BEGIN

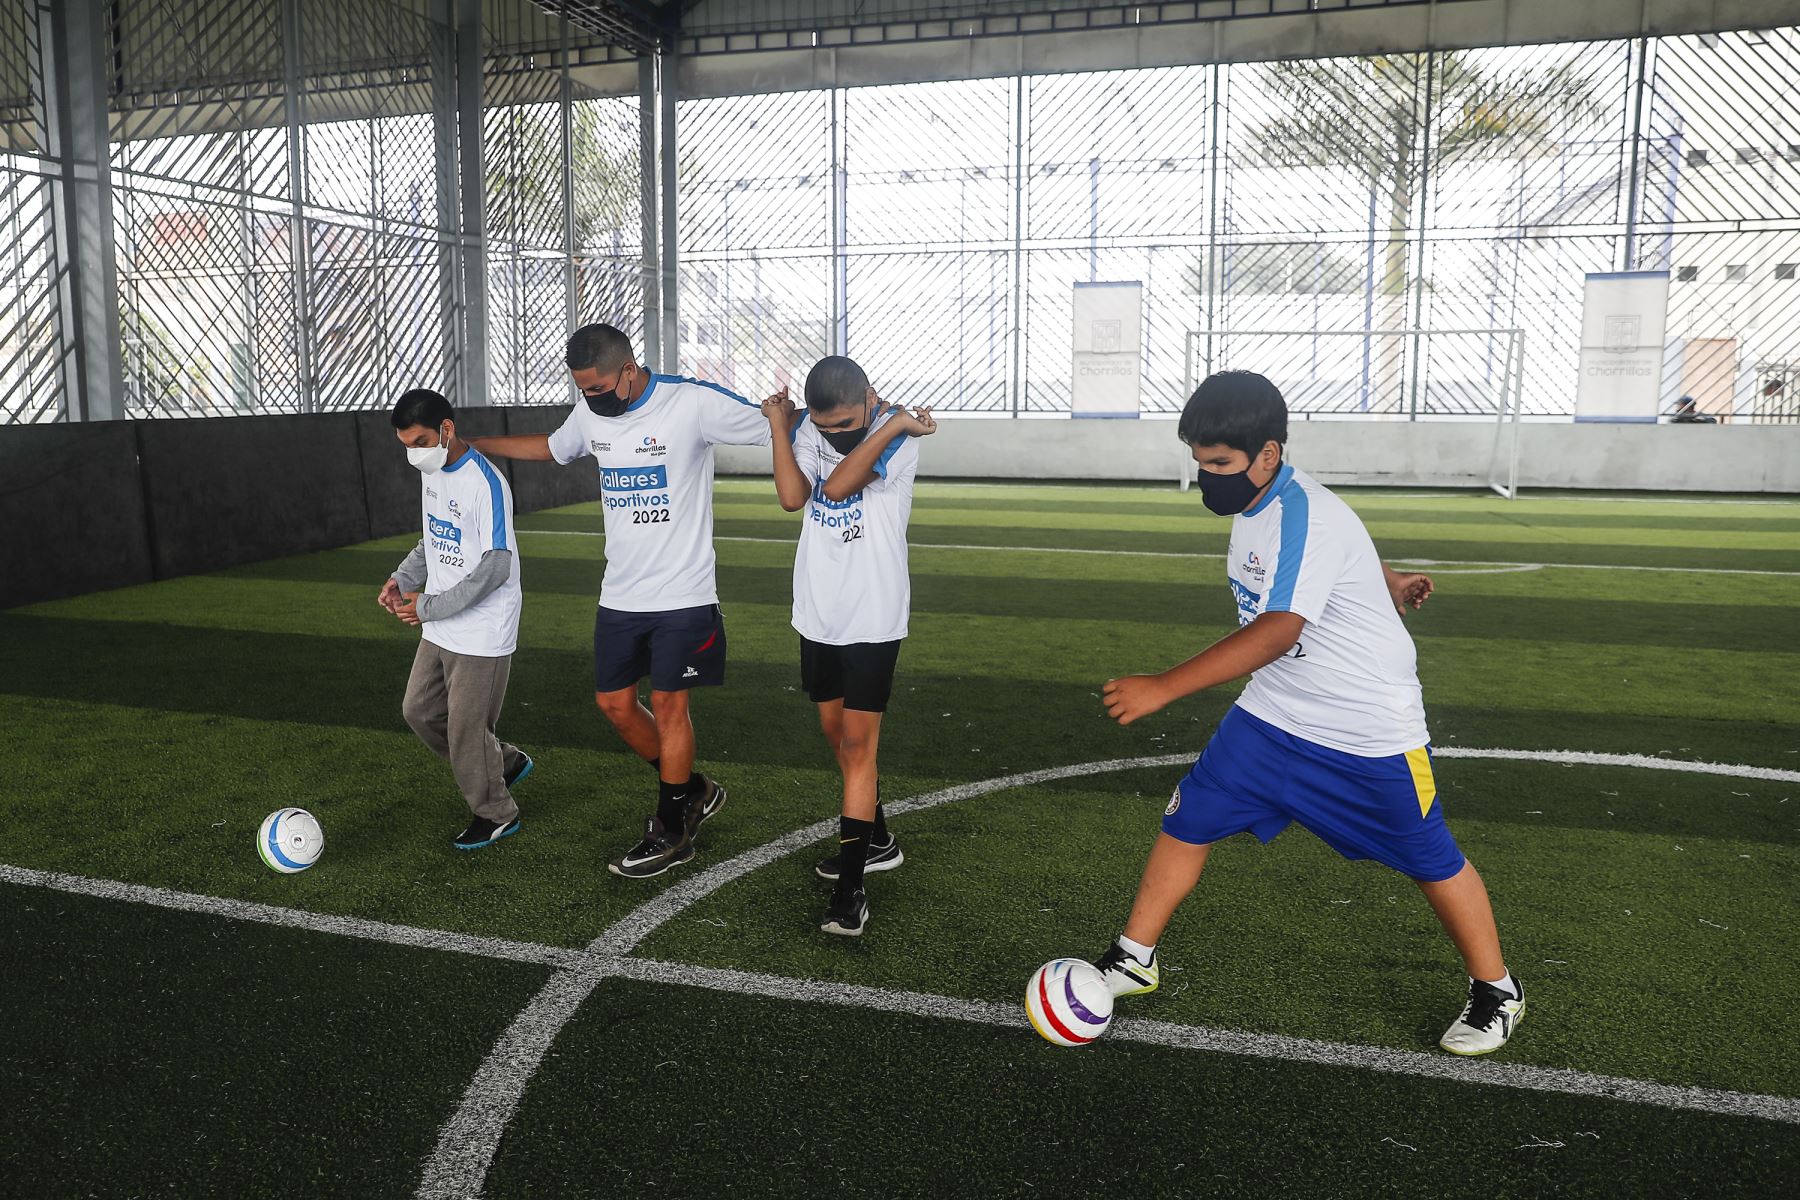 Un golazo inclusivo: La escuela de fútbol para menores con discapacidad visual  [video]
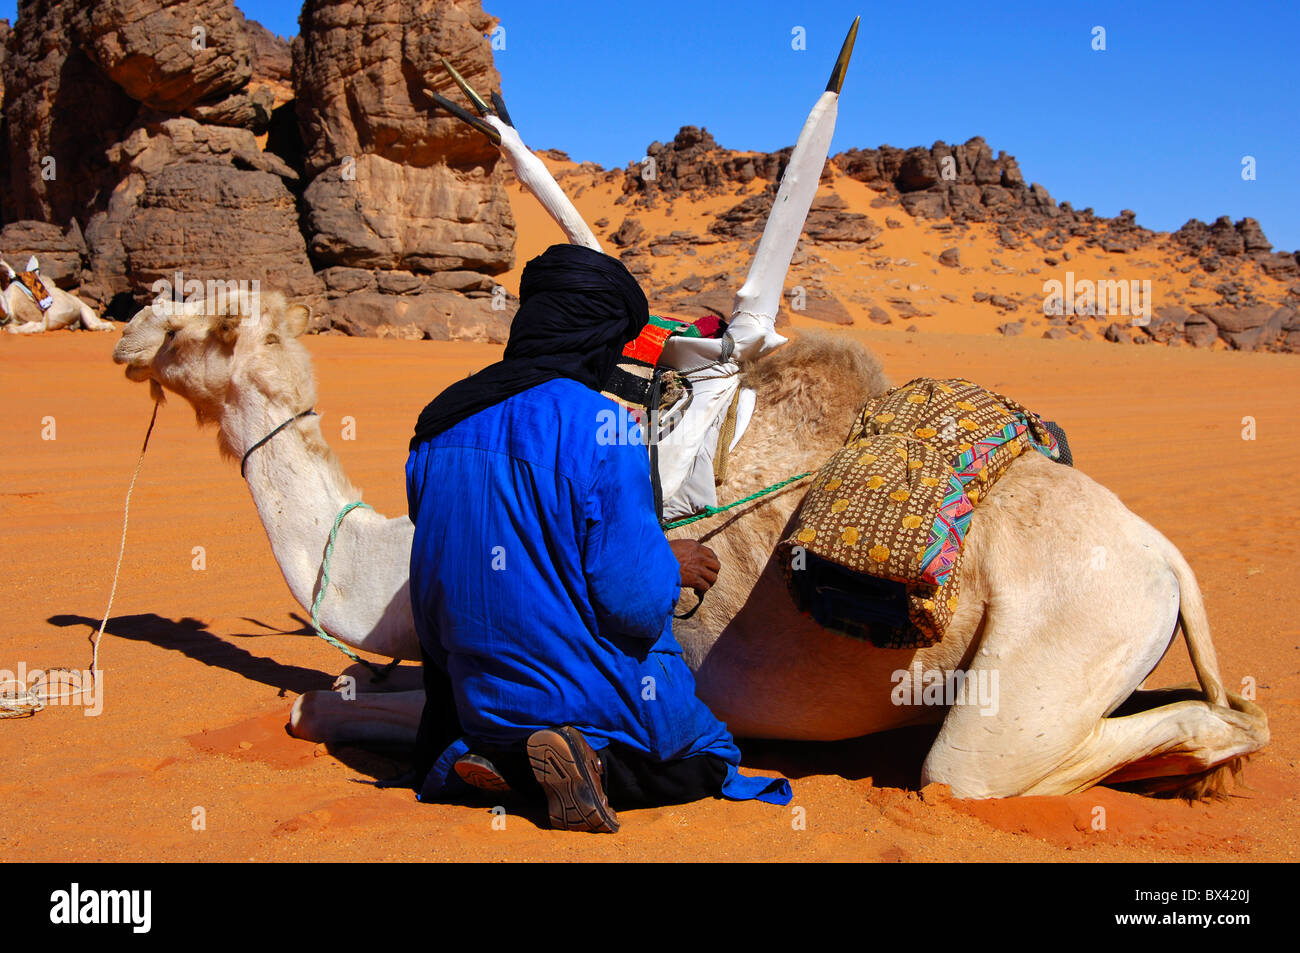 Les hommes touaregs de fixation de la selle sur le dos d'un dromadaire Méhari avant le parcours, désert du Sahara, la Libye Banque D'Images
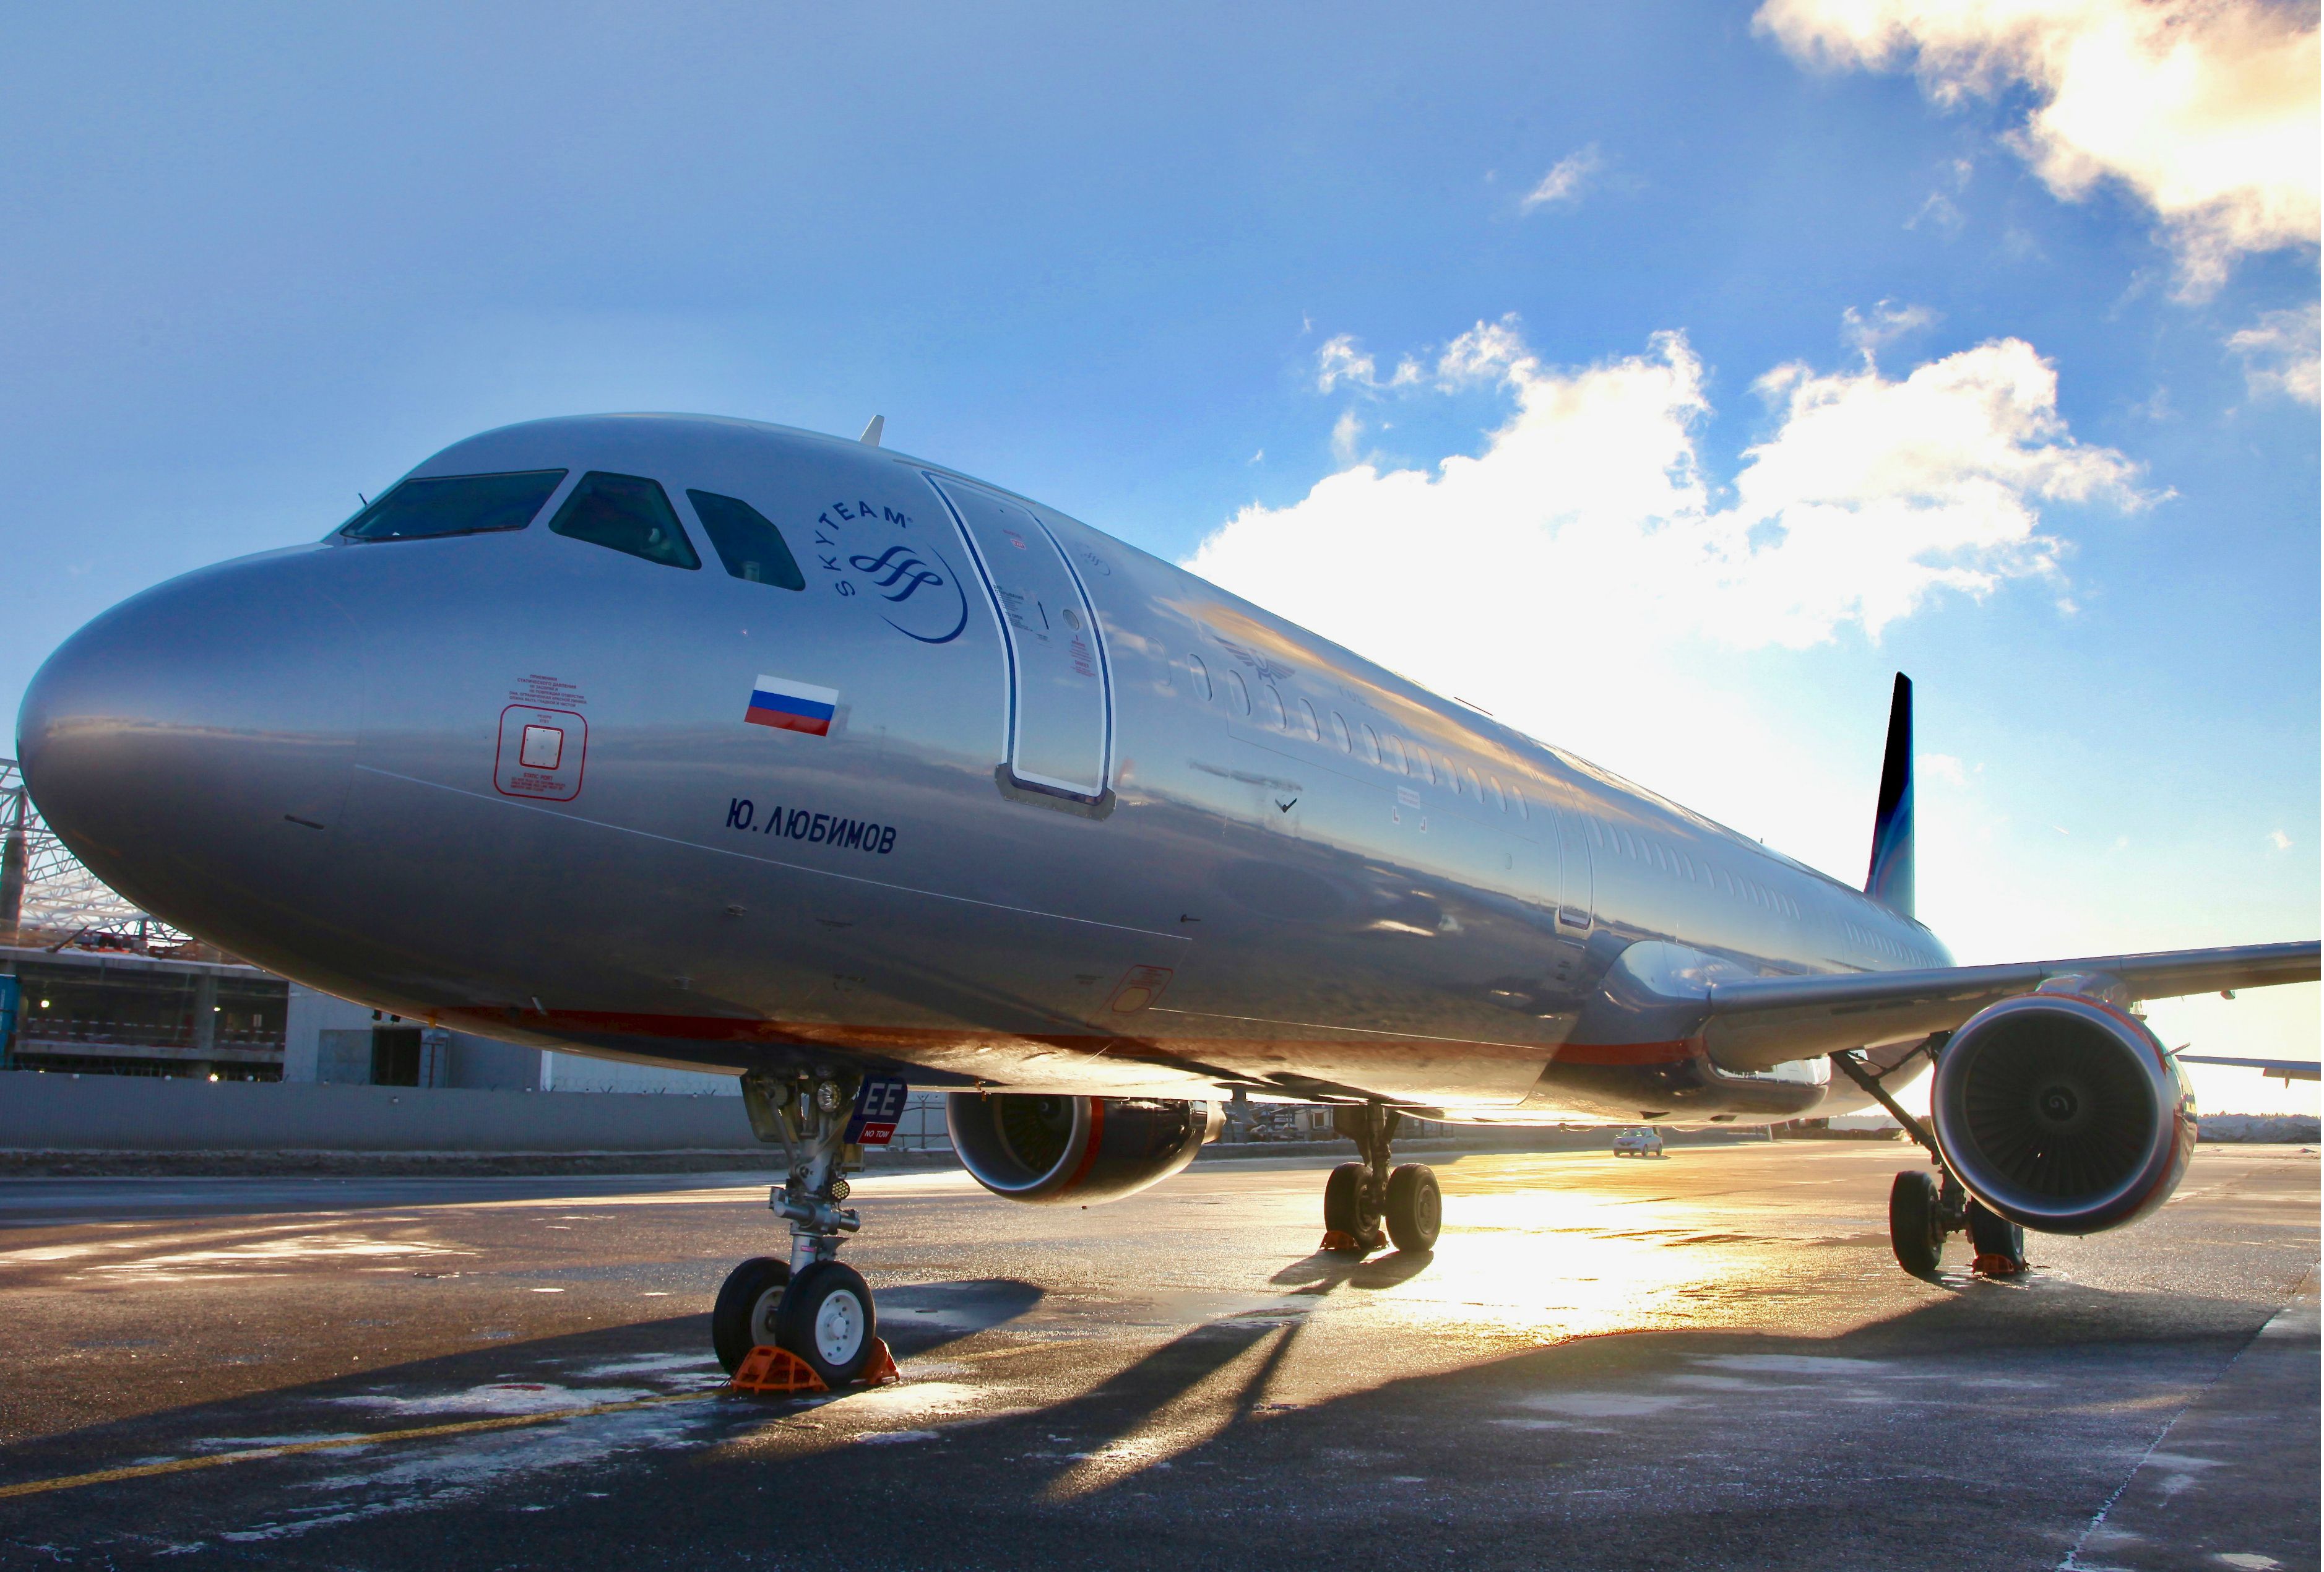 Aeroflot A321

END

DIRECTIONS >> Transcribe the listing in full and omit the pictures.

SOLUTION TO THE PROBLEM >>
 Un golazo inclusivo: La escuela de fútbol para menores con discapacidad visual  [video]
 Les hommes touaregs de fixation de la selle sur le dos d'un dromadaire Méhari avant le parcours, désert du Sahara, la Libye Banque D'Images
 Aeroflot A321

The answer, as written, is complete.